Should I create any memory pool for dynamic allocation, or is there no
need to bother with this? What if the target platform are mobile
devices?
need is a strong word and I'm biased working in very performance-critical areas like raytracing, image processing, particle simulations, and mesh processing, but it is relatively very expensive to be allocating and freeing teeny objects used for very light processing like bullets and particles individually against a general-purpose, variable-sized memory allocator. Given that you should be able to generalize the above data structure in a day or two to store anything you want, I think it'd be a worthwhile exchange to eliminate such heap allocation/deallocation costs outright from being paid for every single teeny thing. On top of reducing allocation/deallocation costs, you get better locality of reference traversing the results (fewer cache misses and page faults, i.e.).

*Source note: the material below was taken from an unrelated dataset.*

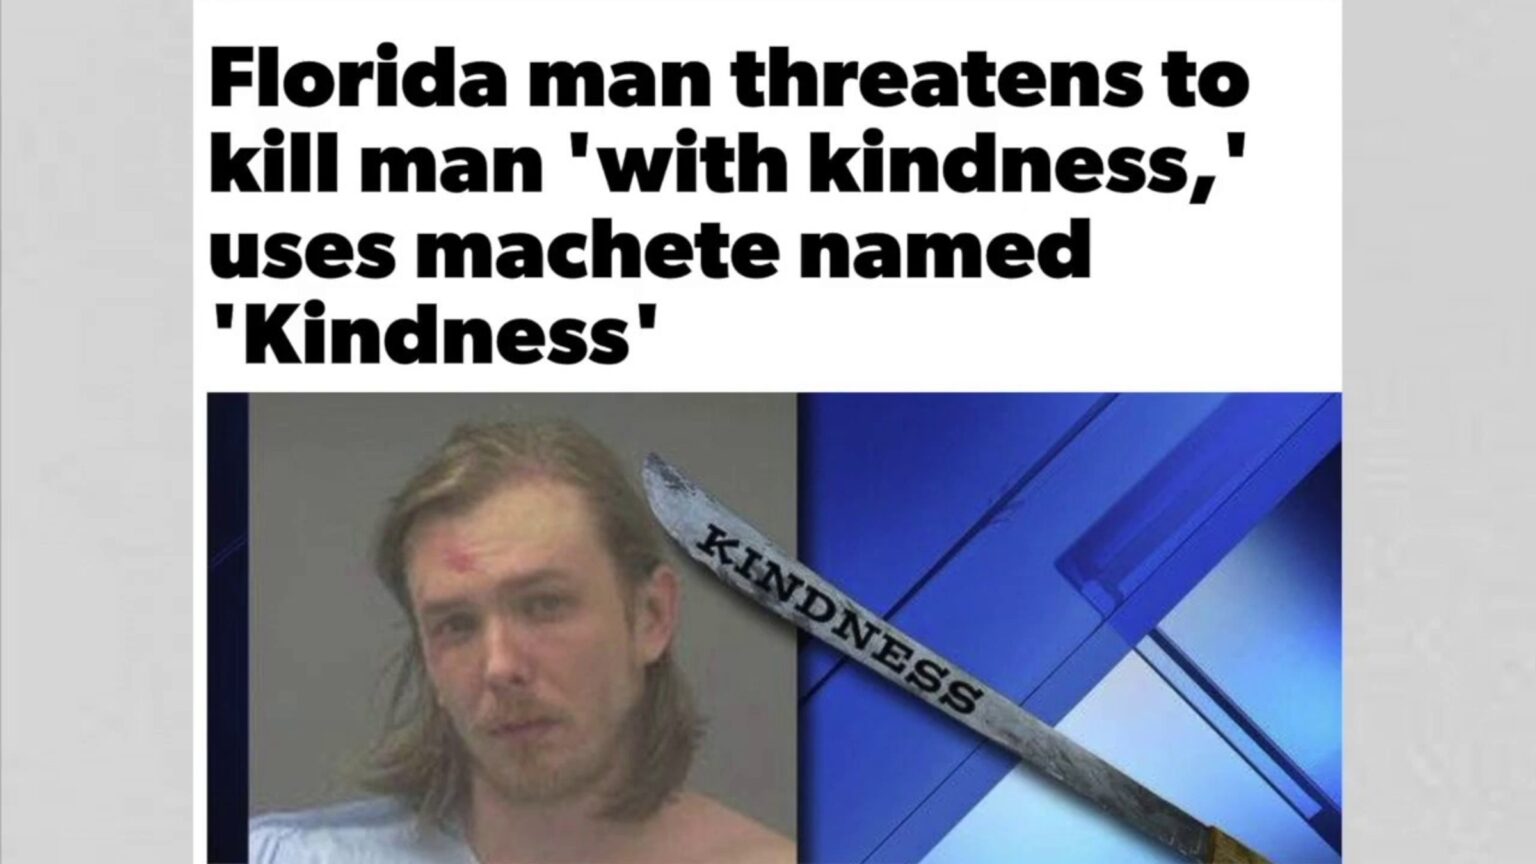 Florida Man, named from Florida headlines about wacky arrests in the Sunshine State. Here are some Karen-style headlines to get you laughing.
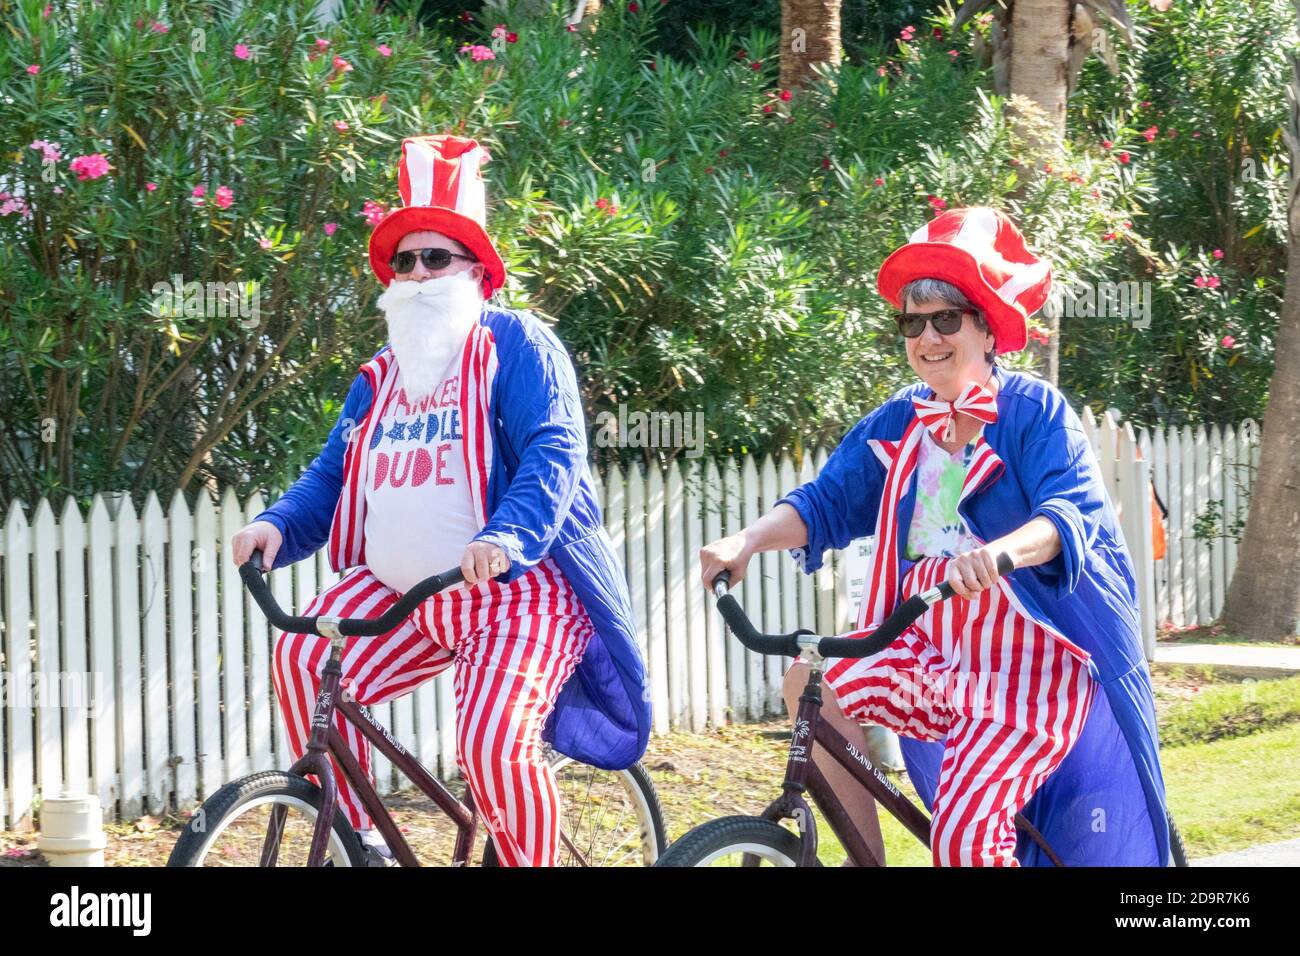 Dressed as Uncle Sam in patriotic colors bicyclists ride down the road during the annual Independence Day parade July 4, 2019 in Sullivan's Island, South Carolina. The tiny affluent Sea Island beach community across from Charleston holds an outsized golf cart parade featuring more than 75 decorated carts. Stock Photo

As for what Josh mentioned about GC, I haven't studied C#'s GC implementation quite as closely as Java's, but GC allocators often have an initial allocation that's very fast because that's using a sequential allocator which can't free memory from the middle (almost like a stack, you can't delete things form the middle). Then it pays for the expensive costs to actually allow removing individual objects in a separate thread by copying memory and purging the formerly allocated memory as a whole (like destroying the entire stack at once while copying the data to something more like a linked structure), but because it's done in a separate thread, it doesn't necessarily stall your application's threads so much. However, that carries a very significant hidden cost of an additional level of indirection and the general loss of LOR after an initial GC cycle. It is another strategy to speeding up allocation though -- make it cheaper in the calling thread and then do the expensive work in another. For that you need two levels of indirection to reference your objects instead of one since they will end up getting shuffled in memory between the time you initially allocate and after a first cycle.
Another strategy in a similar vein that's a little easier to apply in C++ is just don't bother to free your objects in your main threads. Just keeping adding and adding and adding to the end of a data structure which doesn't allow removing things from the middle. However, mark those things that need to be removed. Then a separate thread could take care of the expensive work of creating a new data structure without the removed elements and then atomically swap the new one with the old one, e.g. Much of the cost of both allocating and freeing elements can be passed on to a separate thread if you can make the assumption that requesting to remove an element doesn't have to be satisfied immediately. That not only makes freeing cheaper as far as your threads are concerned but makes allocation cheaper, since you can use a much simpler and dumber data structure which never has to handle removal cases from the middle. It's like a container that only needs a push_back function for insertion, a clear function to remove all elements, and swap to swap contents with a new, compact container excluding removed elements; that's it as far as mutating goes.